Some may say that's the cost of doing business. But Driskill calls it "the cost of quality."

It might seem like peanuts at first blush - perhaps only a few hundred thousand dollars in a billion-dollar fund. But it might also mean five fewer employees, or 10 support staff. And if the number of employees drops but the workload remains consistent, more mistakes are likely, and the potential for losing customers continues to creep upward.

Successful funds, however, anticipate errors and control them, Driskill said, and one way to reduce errors is to increase training. Too often, he said, fund executives confuse customer satisfaction with courteous representatives. But service training transcends manners; it means accuracy. "If I've got a fund that outperforms the market, I can be Attila the Hun, but I can't make mistakes," he said.
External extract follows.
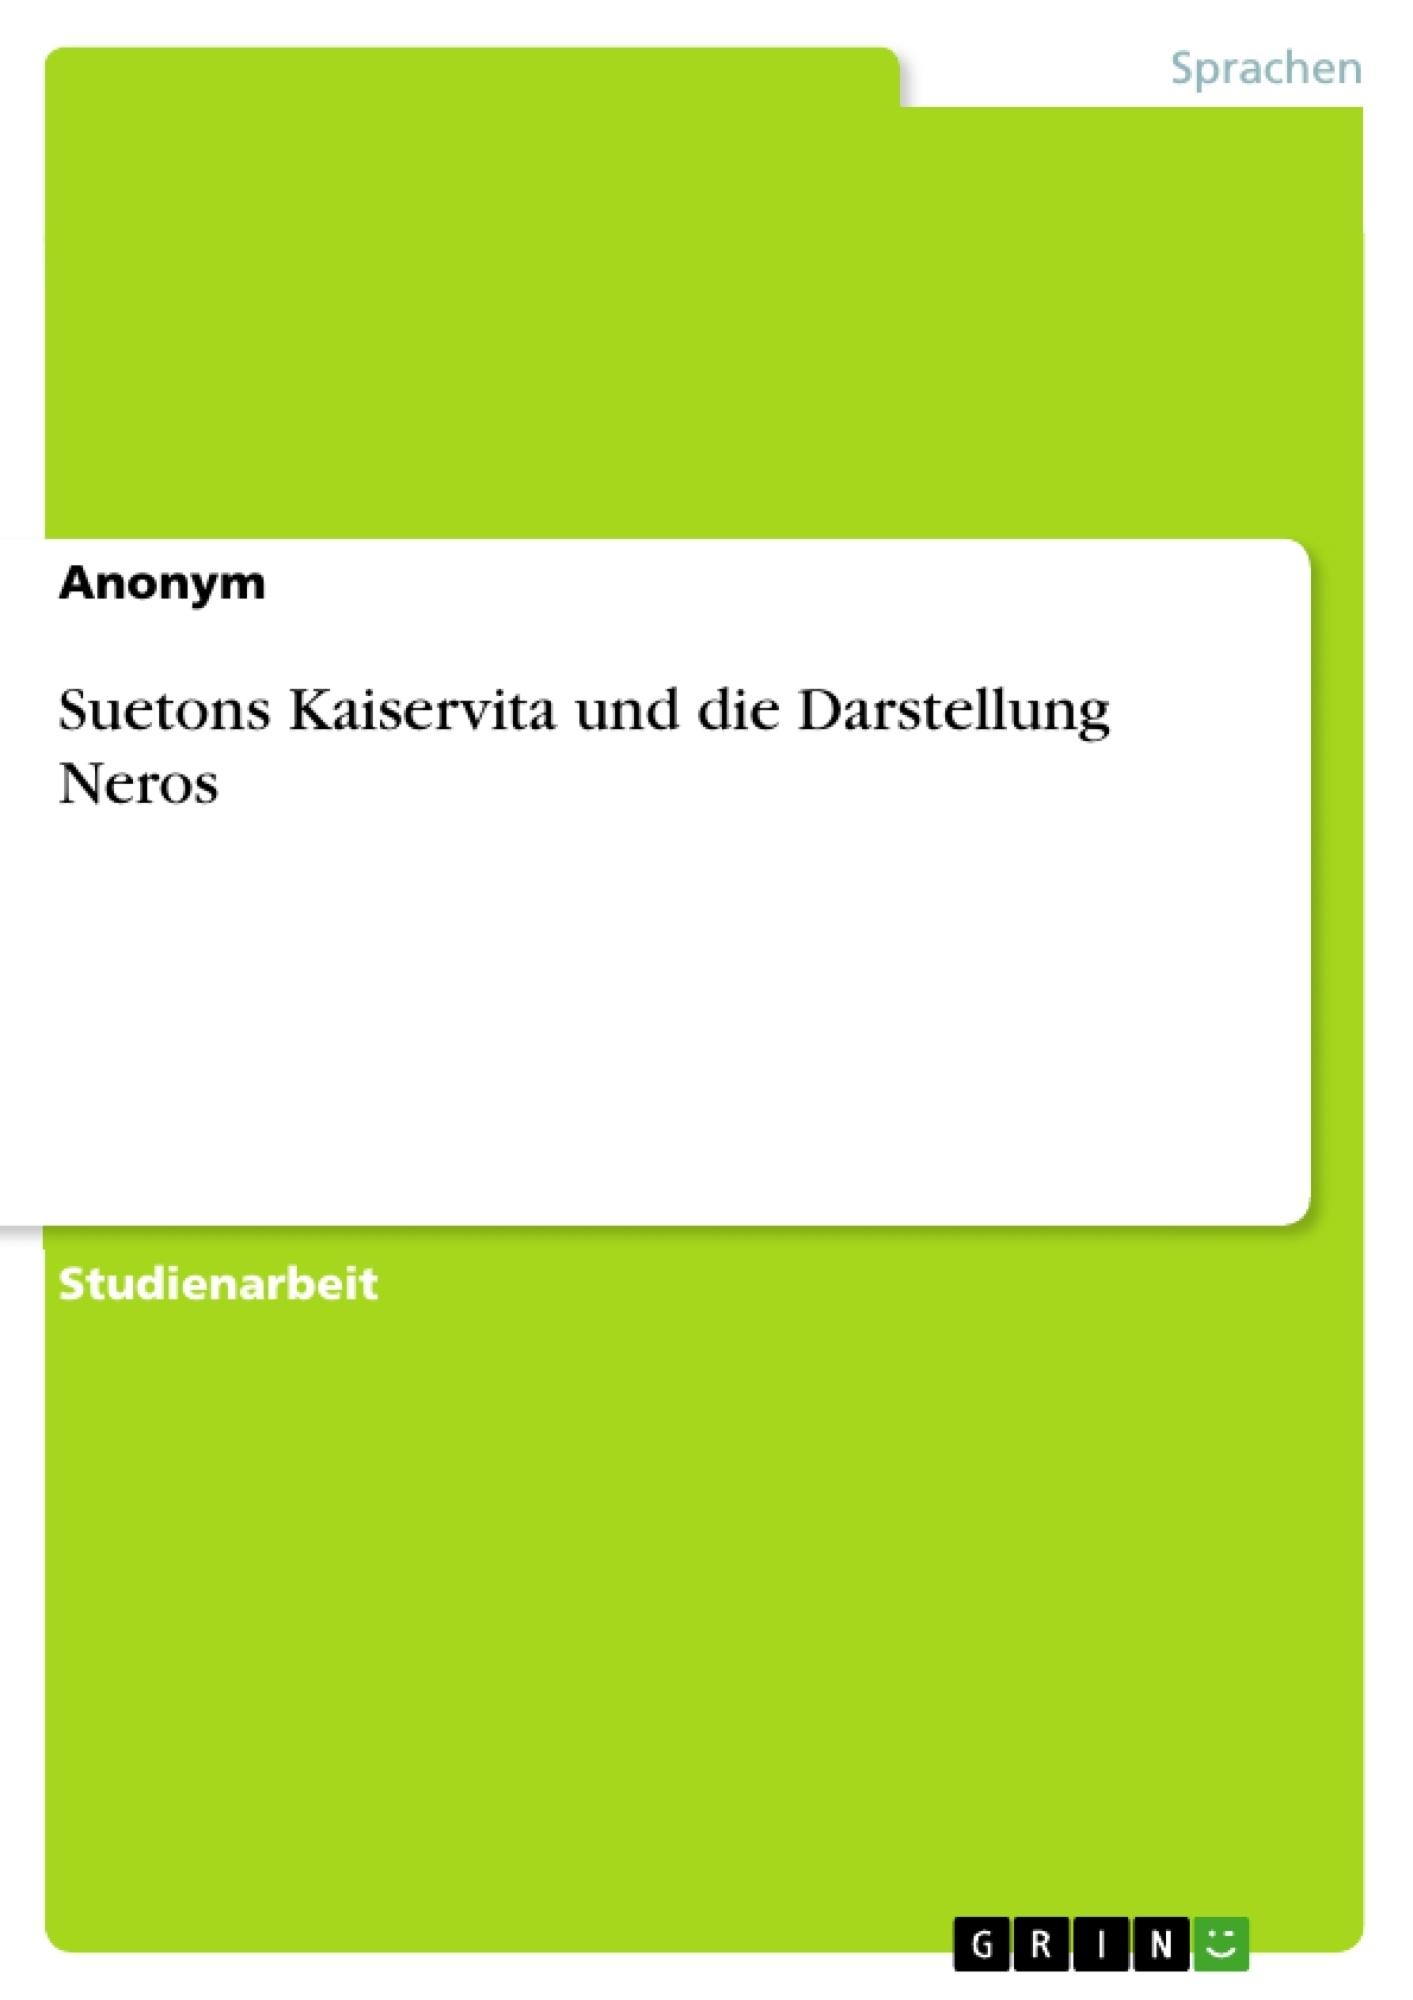 Titel: Suetons Kaiservita und die Darstellung Neros
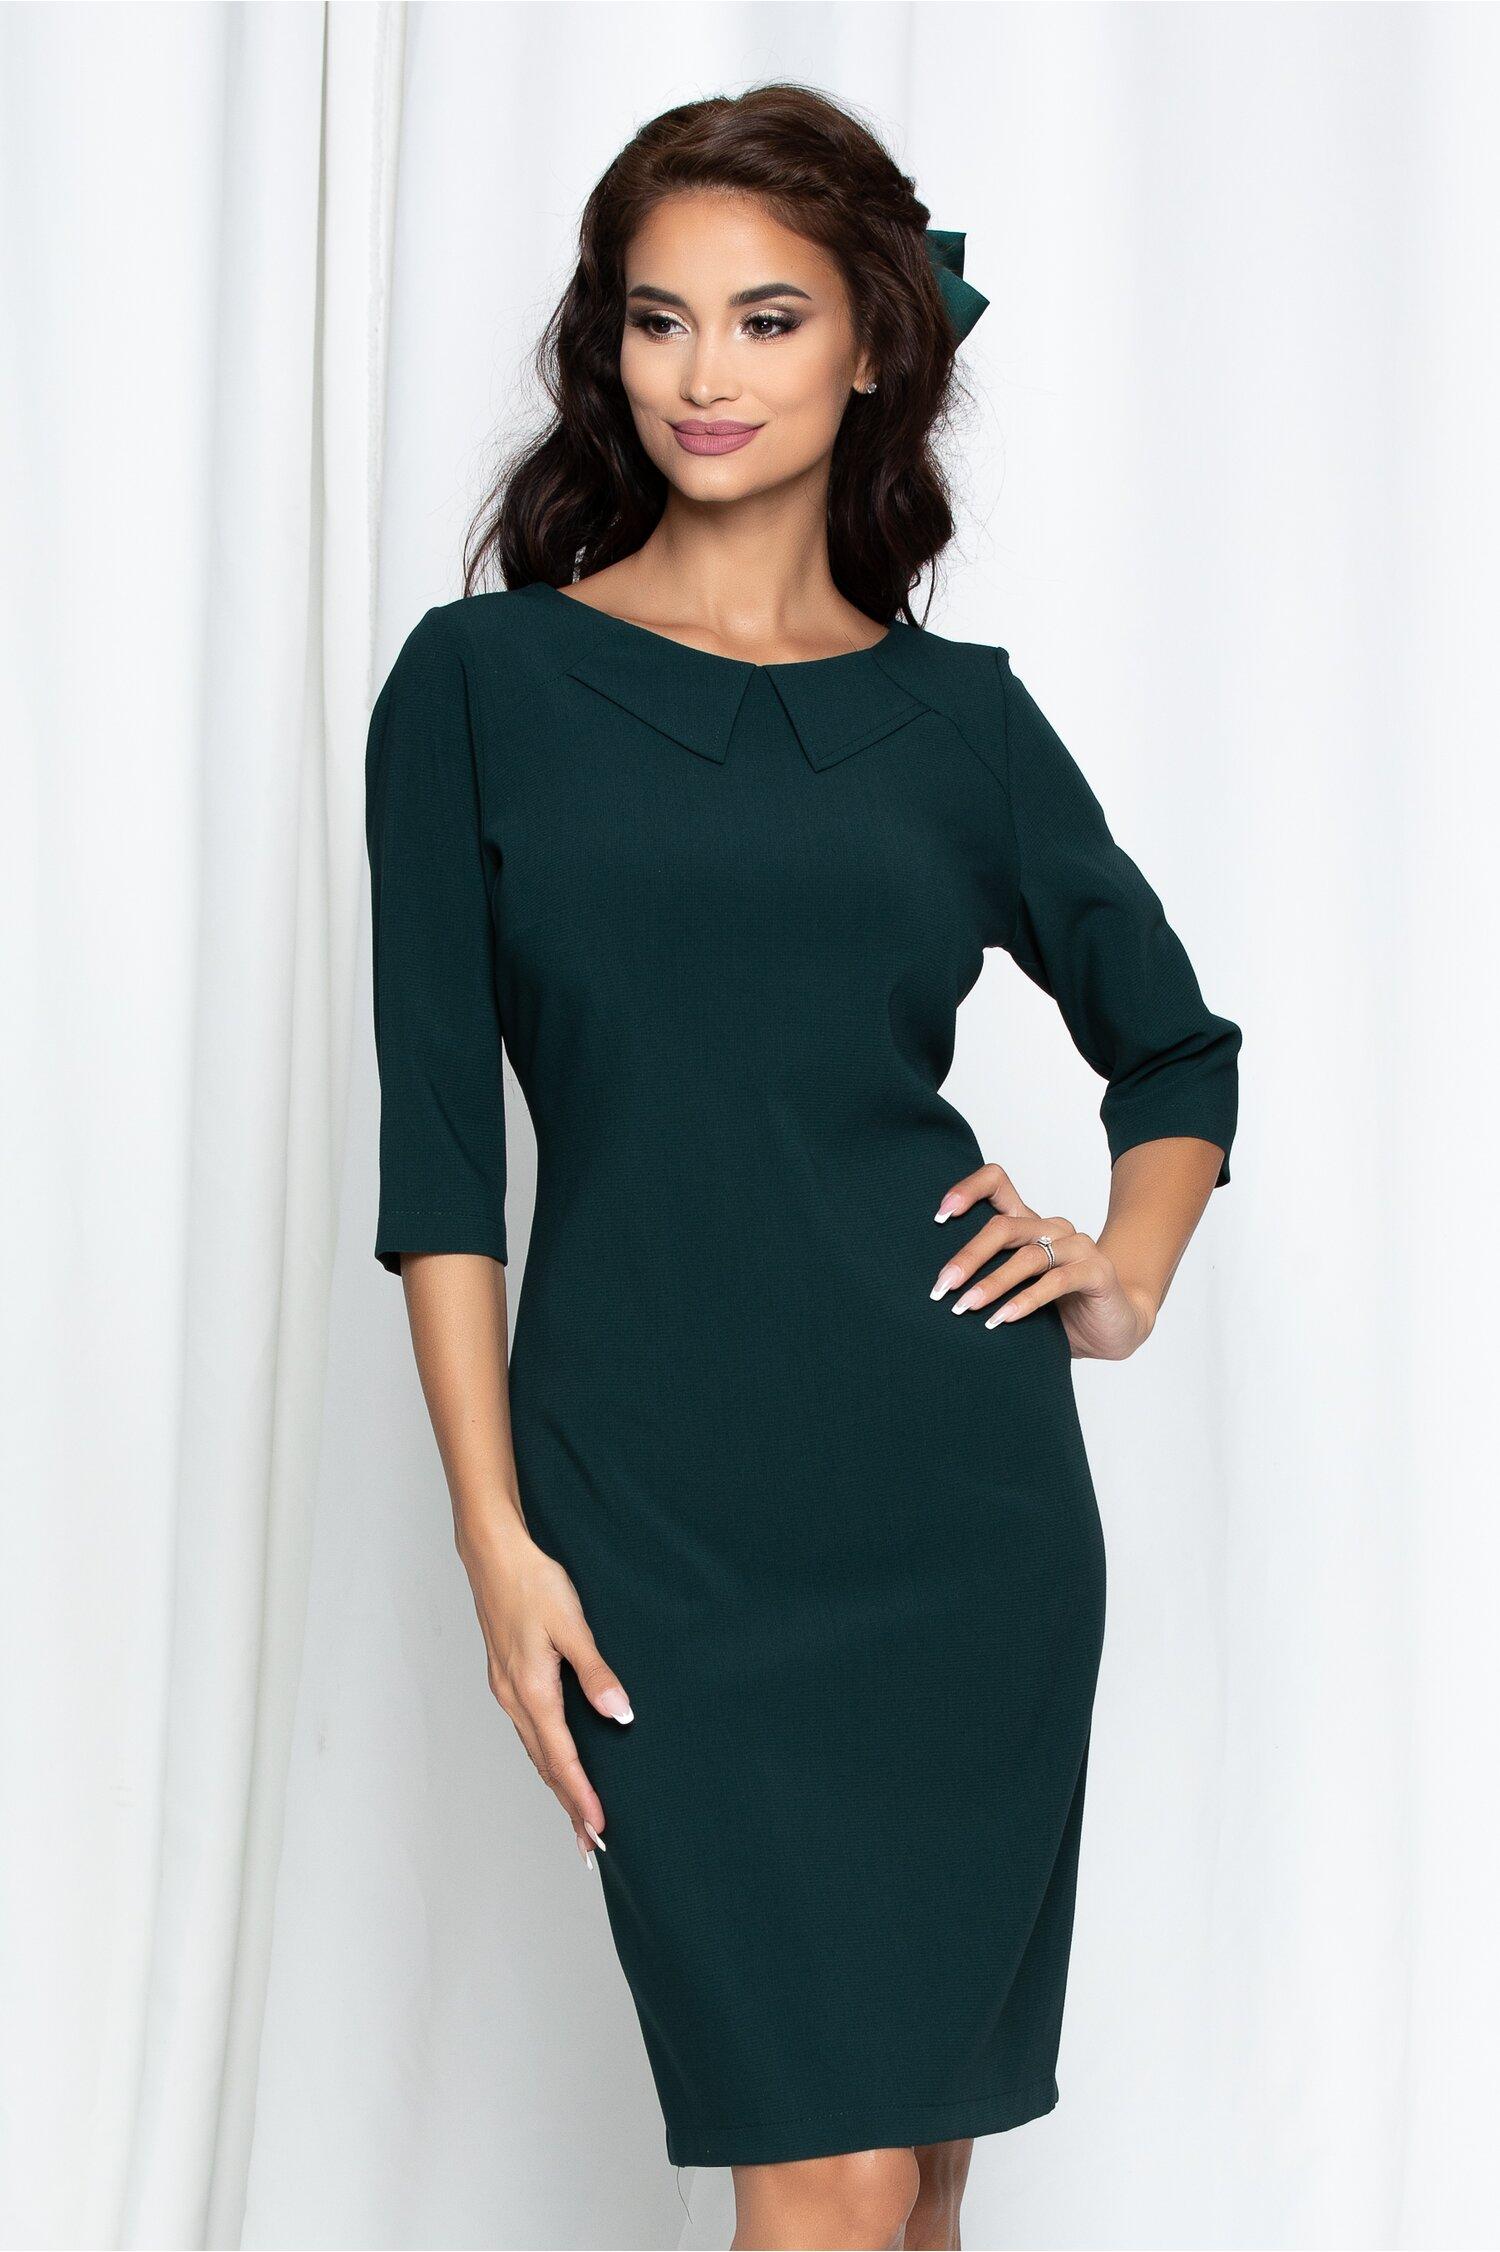 Rochie Simona verde cu guler discret

Years ago, top-performing funds, on average, provided seven days' more training than their average-performing counterparts, he said. In the go-go late 90s, as transaction volumes increased, top performers' errors remained steady, while errors in the average fund spiked.

Today, the strategies have changed slightly. Rather than provide more formal training at the outset, top-performers emphasize consistent quality from day one, through employee reviews, regular reports and quality-strategy meetings. "It's continuously providing input and focusing on quality" through regular internal spot-checks, Driskill said.

Quality control also means making sure not to outsource any task a company's own staff hasn't mastered. "If you don't do it well, what are the odds anyone else is going to it well?" Driskill asked.

Finally, companies should also adopt or devise a "best practice" approach that gels with their own firm's philosophy and culture, and then stick to it. "They all work, and the reason they all work is because at the bottom, they are anchored to statistical tools," Driskill said.